Best way to define a plane

I figure an origin, and a normal vector. But this leaves me 1 degree of freedom about the normal axis. So I guess I could use another vector to anchor it , one that lies in the plane? And btw Im talking about a reference plane to sketch on or create other reference geometry from so it will have a selectable wire bounding box that lies in the plane. So I’ll need to know its rotation about the normal so I know what orintation to render its bounding frame.

Sean

Mathematically speaking, that won’t work, but really it sort of does. The problem is that vectors are inherently relative, so what you’re describing would parameterize a sequence of planes through the origin; you could, of course, specify an translation as well, which would then be two vectors and a point. But you can do the same thing if you just specify three points on the plane with associated parameter values (u,v). So have the (0,0) (1,0) and (0,1) points specified
in 3-space or 4-space.

Let me try to explain what im trying to do a little better. I have a coordinate system which is driven by the model view matrix. The only action performed on this CS is rotation with the mouse. Pan and zooms are performed using the projection matrix & gluOrtho().
Ok now my world need 3 default reference planes, Front, Top & Right, that intersect at the CS. I have a CPlane class coded. It contains private data members like m_pt[12] that defines the selectable rectangle that lies in the plane, m_type that Ive defined as either PLN_DEFAULT,PLN_ANGLE ,PLN_THRU_3PT, PLN_PAR_THRU_PT, PLN_THRU_LINE_PT and public functions like Render(), Hide(), Select(), and the one that promted this post, SetPosition().

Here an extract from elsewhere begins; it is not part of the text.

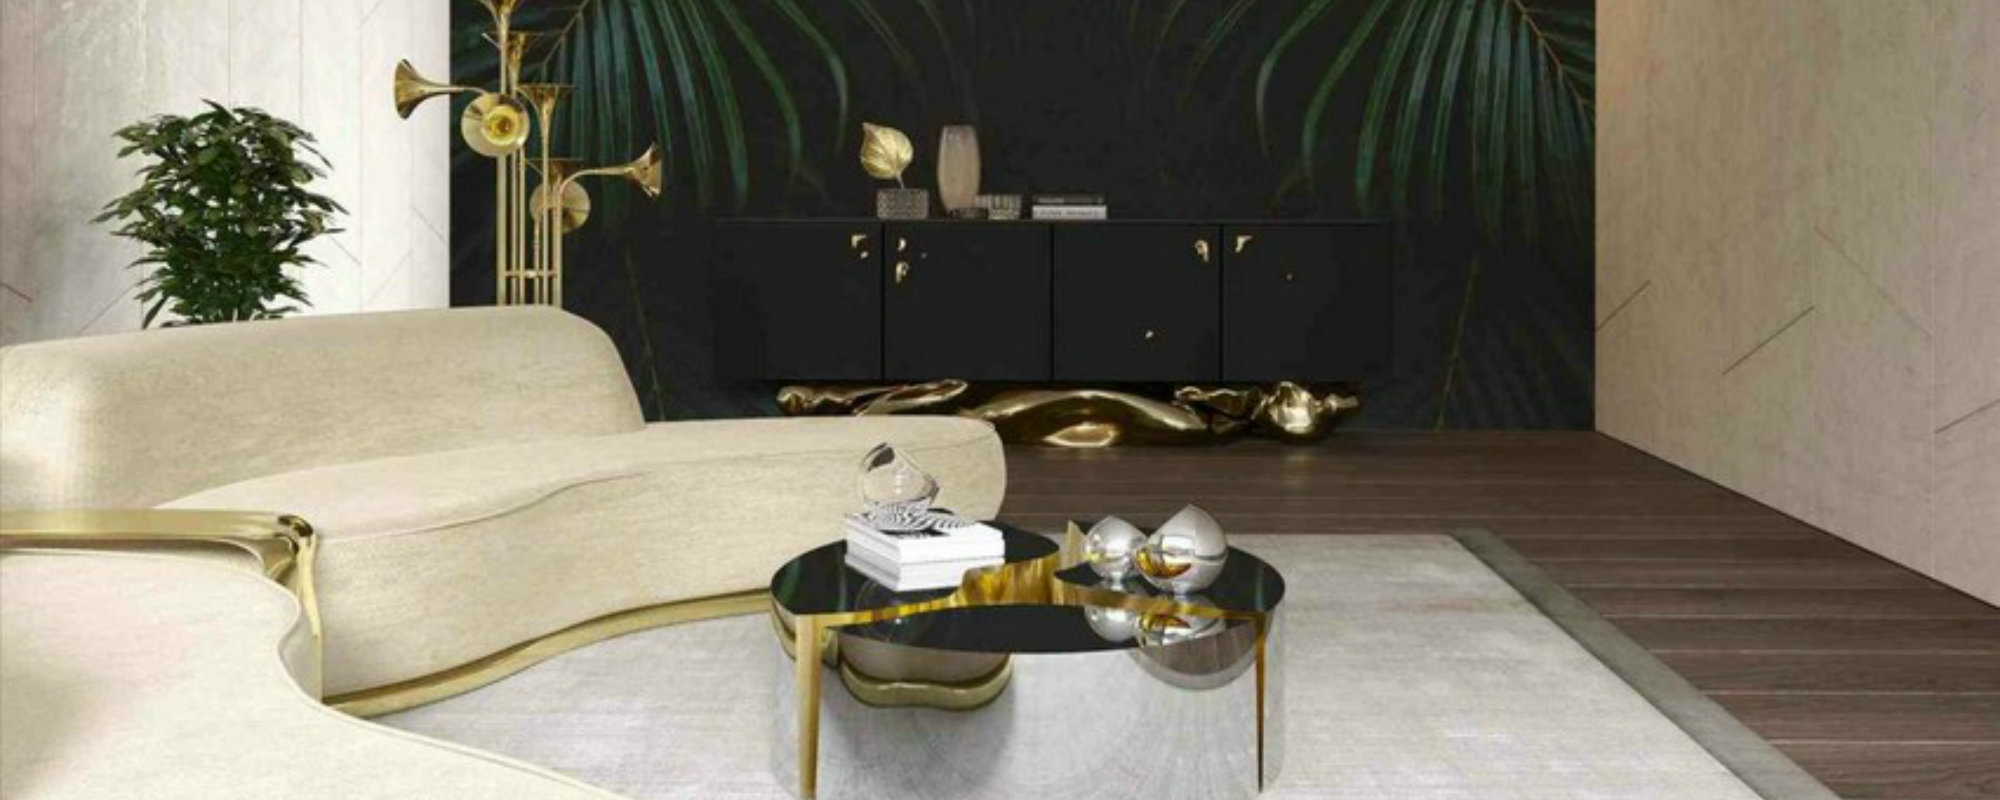 Maison et Objet 2020: Una seleción de diseño de interiores lujuosa y estupenda maison et objet Maison et Objet 2020: Una seleción de diseño de interiores lujuosa y estupenda Featured 7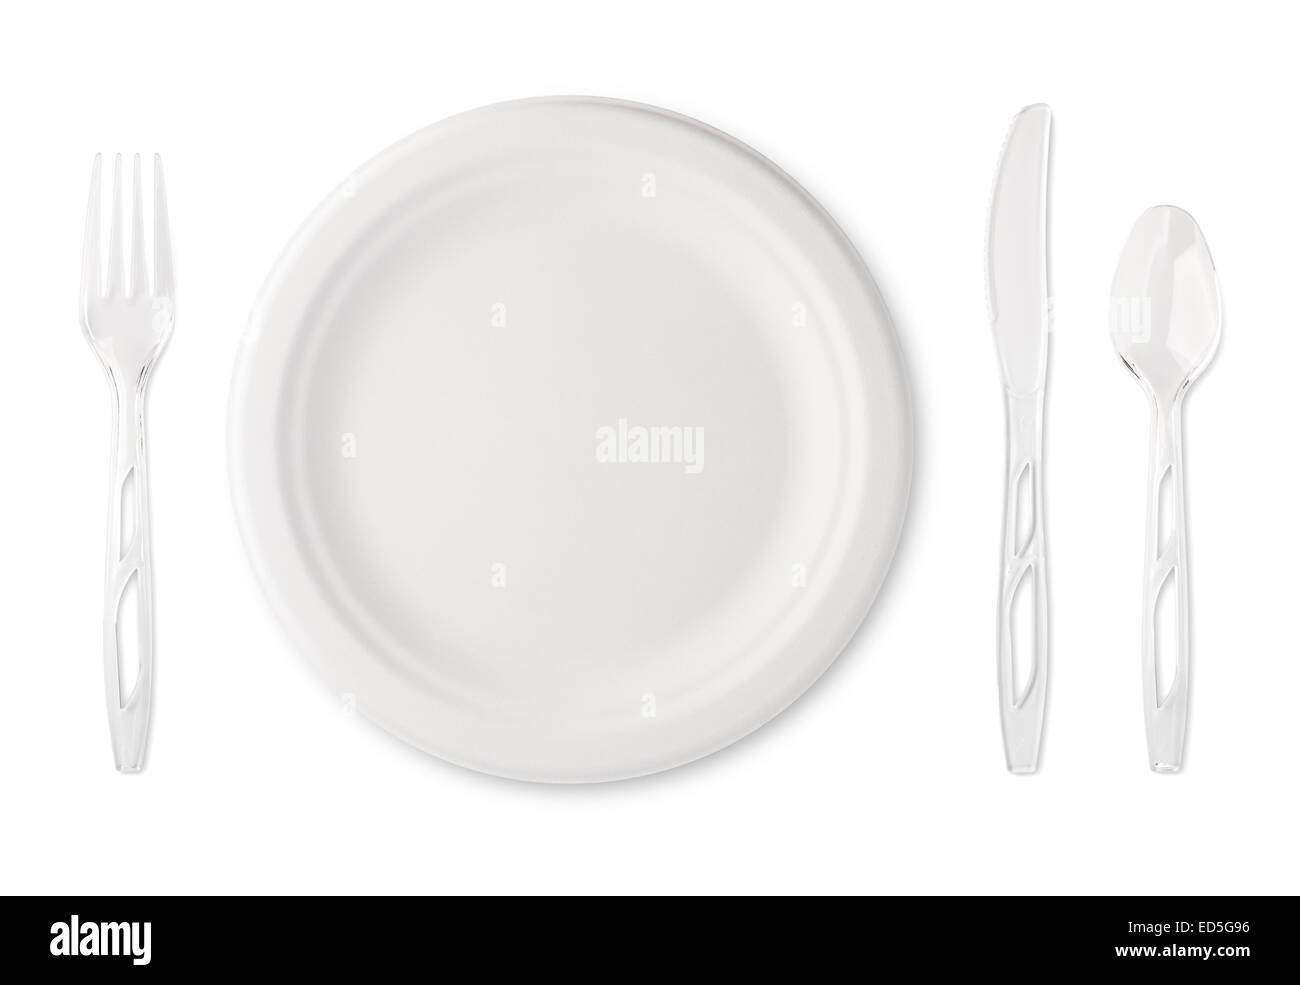 Assiette en carton et les ustensiles en plastique claire Photo Stock

So If I wanted to create the default Front plane, I’d need to call SetPosition(), but Im trying to figure out what would be the best params to send it. You mentioned a point and two vectors. This makes sence to me. The point would be the ref planes origin, one vector would lie in the ref plane X direction and the other in its Y direction. I could then ectract its normal thru the cross product of those two vectors. Seems to me that you can define a plane with a coor sys and a vector.The plane will always be perpendicular to the vectors direction.